StagePilot: Stage-Gated Tool-Calling Reliability Runtime

StagePilot: Stage-Gated Tool-Calling Reliability Runtime

StagePilot is a TypeScript runtime and benchmark harness for stabilizing tool calls across provider families. The name comes from stage-gating unstable runs through parse, repair, replay, and review so reliability claims stay inspectable instead of hand-wavy.
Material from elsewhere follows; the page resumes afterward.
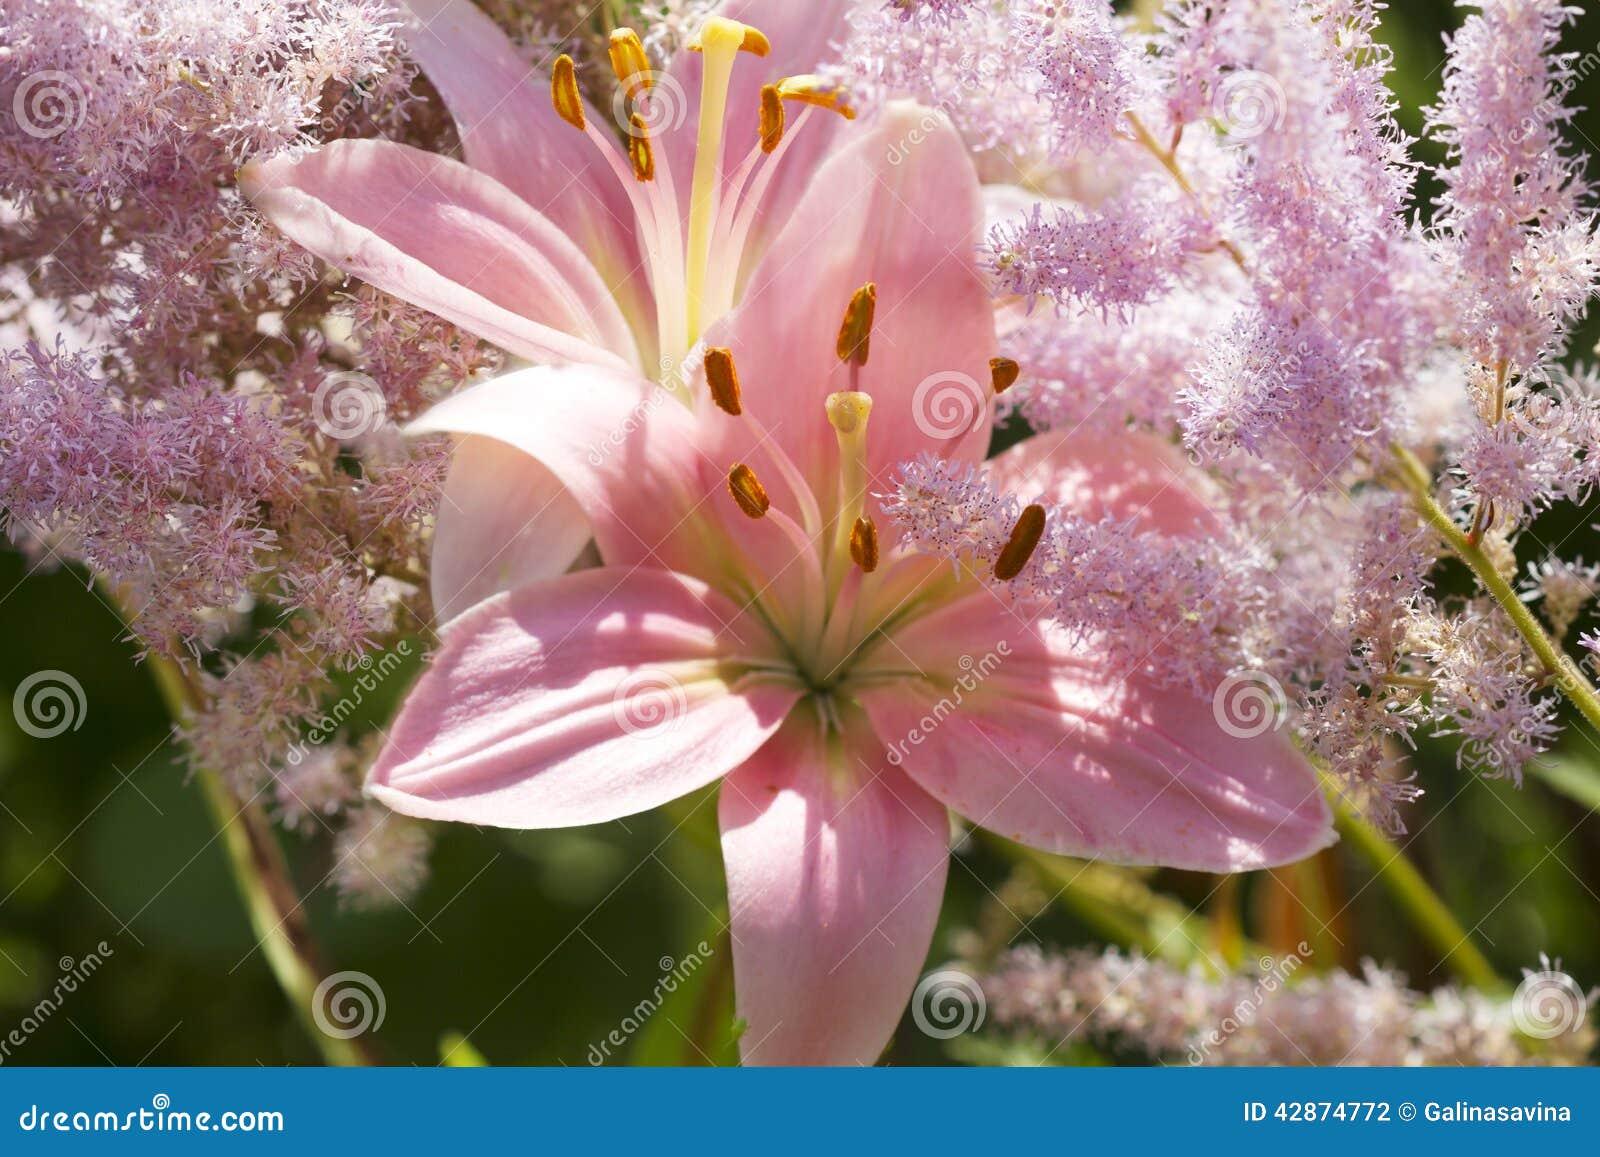 Lily Princess Flora Stock Photo Image Of Petals Lily 42874772

The repo brings together three connected surfaces:

@ai-sdk-tool/parser: AI SDK middleware for parsing tool calls from models that do not natively support tools.
StagePilot: a multi-agent orchestration vertical with benchmark, API, demo UI, and Cloud Run path.
BenchLab: prompt-mode BFCL experiment tooling, forensics, and local operator APIs.

Portfolio posture

Read this repo as a reliability runtime with evidence, not as a generic agent demo.
The strongest signals are checked-in benchmark lift, parser middleware behavior, replayable review APIs, and explicit regression and perf surfaces.
It is the clearest first-pass repo for AI engineer interviews, while still carrying useful platform and solutions-architecture signal.

Role signals

AI engineer: parser hardening, benchmark discipline, explicit failure classes, replayable traces, and bounded retry posture.
Solutions architect: package, API, benchmark, and review surfaces stay separate enough to discuss production posture honestly.
Recruiter / hiring manager: this is the fastest repo for showing I can turn unstable model behavior into reviewable runtime evidence.

Portfolio context

Portfolio family: AI reliability and incident systems
This repo's role: flagship reliability and tool-calling runtime in the portfolio.
Related repos: AegisOps, Aegis-Air, ogx

Big-Tech Elevation Track

Canonical execution plan: docs/BIGTECH_ELEVATION_PLAN.md
Goal: turn this repo into the clearest public proof of tool-runtime reliability across unstable providers.

Best target-team fit

This repo is strongest for frontier/runtime reliability and platform-infrastructure teams. For broader enterprise platform discussions, pair it with enterprise-llm-adoption-kit.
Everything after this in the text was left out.